If we were to agree with Monsod’s articulation of Lopez’s belief that the Mining Industry Coordinating Council (MICC) audit (which was approved and given a go signal by the President) is illegal because they both presume the audit is solely the mandate of the DENR, then who will review and evaluate the highly suspicious audit? Did she not know that the MICC resolution calling for a review of the audit was written by her husband, Christian Monsod, and signed by Lopez?

Monsod did mention some good points in her column when she said that one of Lopez’s last better acts was to issue an administrative order making compliance with the EITI mandatory. She may not know that since 2012, all members of the Chamber of Mines of the Philippines have been complying with this voluntary initiative and that the PH-EITI Secretariat has produced three reports generally showing a reconciliation of mining companies’ tax payments with those received by the government.

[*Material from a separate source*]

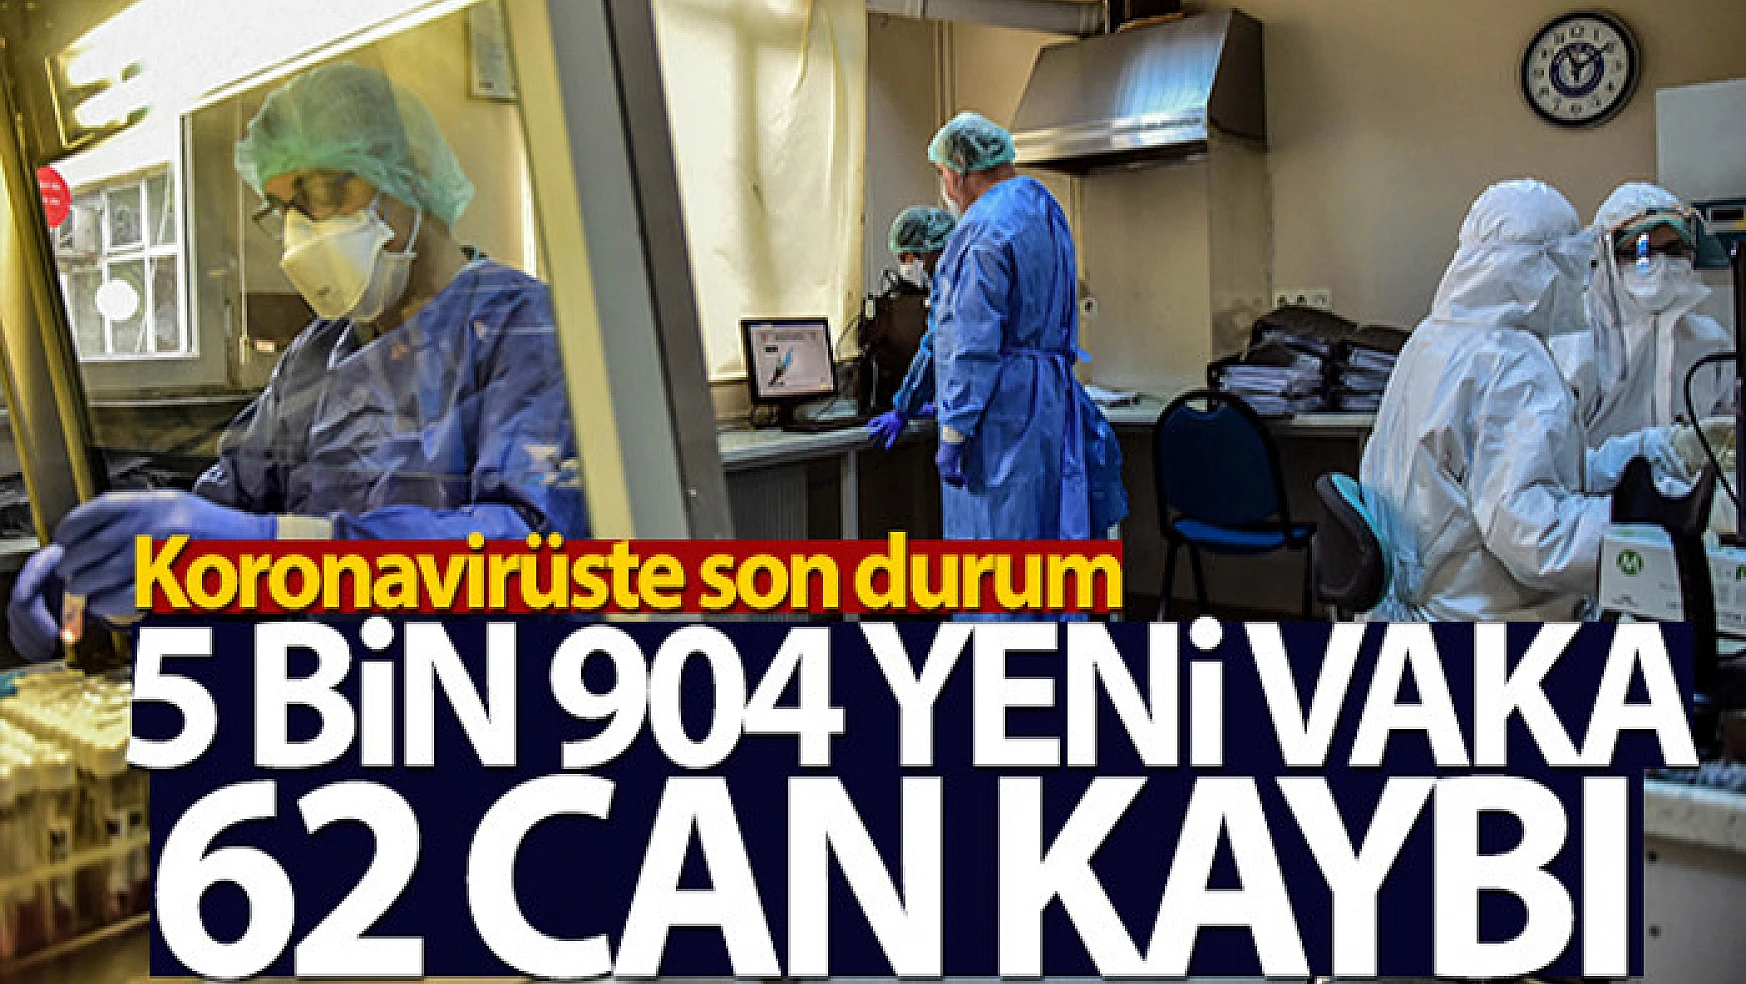 Türkiye'de son 24 saatte 5.904 koronavirüs vakası tespit edildi

It was the COMP that recommended this initiative to the government in 2005 as a governance mechanism, which was favorably endorsed by then President Gloria Macapagal Arroyo to the abolished Minerals Development Council.

The resource curse, also known as the paradox of plenty, may have happened in some countries, but not in the Philippines, where mining revenues are still small compared with similarly situated countries. While we have an abundance of natural resources, these have been barely tapped due to an uncertain investment environment, governance problems, and mining critics who drive away investors, like what Lopez is doing.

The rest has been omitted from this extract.